Transposon Lab is interested in the following topics:
1. Origins of eukaryotic DNA transposons
The ability of transposons to facilitate horizontal gene transfer subverts traditional notions of the vertical inheritance of genetic information in evolutionary processes. This property allows genes to be shared across different species, kingdoms, and even domains, thereby influencing genetic diversity and evolution on a grand scale. Transposable elements, including DNA transposons, are instrumental in mediating genetic exchanges between prokaryotic and eukaryotic organisms. Despite the considerable diversity of eukaryotic DNA transposons, their precise origins are predominantly obscure. A comparative genomic analysis of DNA transposon evolution in prokaryotes and eukaryotes might uncover evidence of interspecies transposon transfer, thereby illuminating the evolutionary origins of eukaryotic transposons.
2. Target DNA transposons mining and engineering
Retroviruses and DNA transposons are frequently employed as gene therapy delivery systems. Retroviruses harness the inherent functionality of endogenous reverse transcriptase and transposition via a copy-and-paste mechanism, but this process can result in unstable retroviral insertions due to the involvement of RNA intermediates and reverse transcription. Furthermore, retroviral vectors present hurdles in manipulation and suffer from restricted payload capacity and high cost.

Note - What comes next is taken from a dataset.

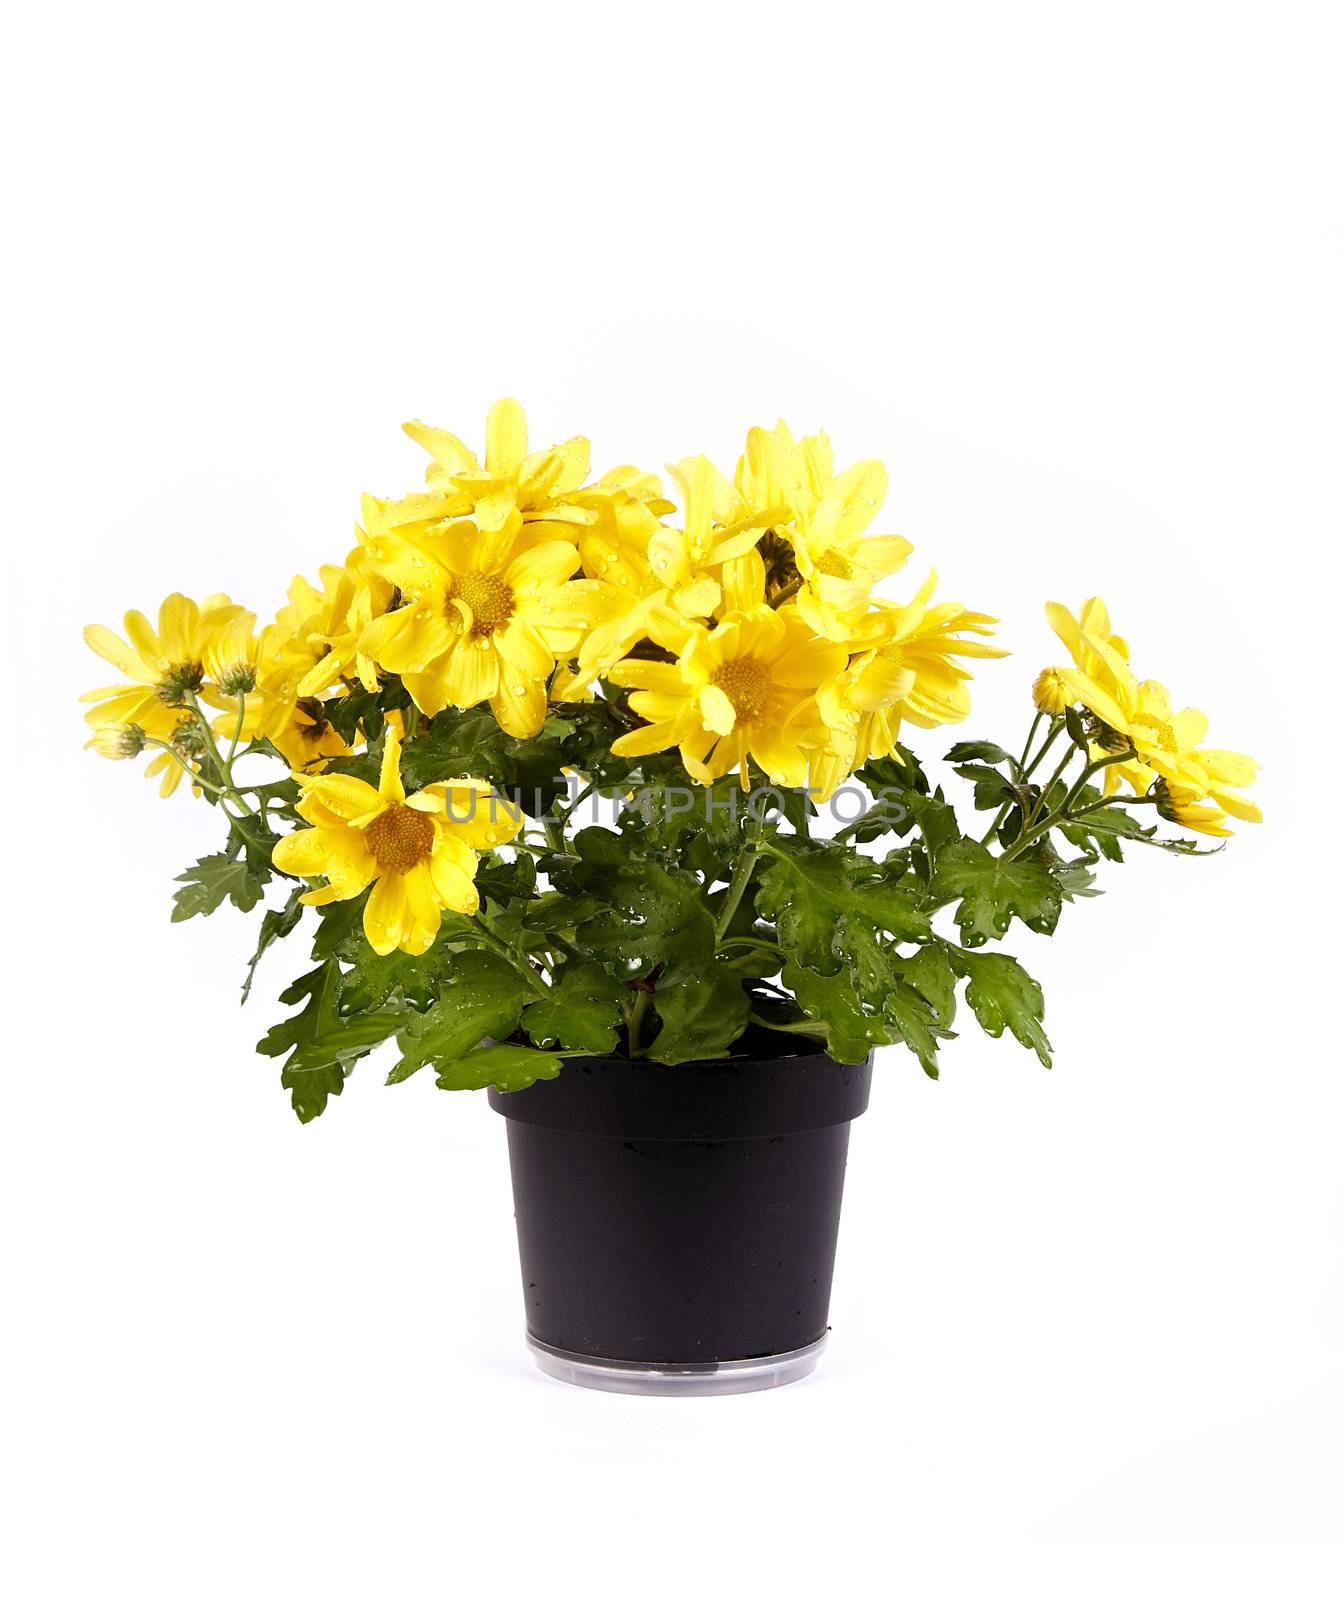 Yellow chrysanthemum in a pot on a white background

Conversely, DNA transposons operate through a direct cut-and-paste mechanism, facilitating a more predictable and robust genomic integration. Researchers have successfully developed potent gene delivery vectors, such as ZB, PS, Sleeping Beauty, and piggyBac, from DNA transposons for application in gene therapy, transgenesis, and mutagenesis. These vectors confer several benefits in gene therapy: low cost, substantial gene delivery capacity, stable integration, a diminished immune response, and manipulation simplicity with reduced risk of immunosuppression.
Nevertheless, gene therapy that involves DNA transposons, as well as retroviruses, carries the potential hazard of random transgene integration, heightening the risk of insertional mutagenesis. Such unspecific incorporation can inadvertently affect gene function, including the regulation of oncogenes and tumor suppressor genes, posing a profound safety challenge in gene therapy.
Therefore, advancing gene delivery systems by discovering and engineering targeting DNA transposons, with aid of artificial intelligence (AI) and other technologies, is imperative. These enhancements can mitigate the dangers of arbitrary integration, thereby substantially elevating the safety profile of DNA transposon-mediated gene therapy.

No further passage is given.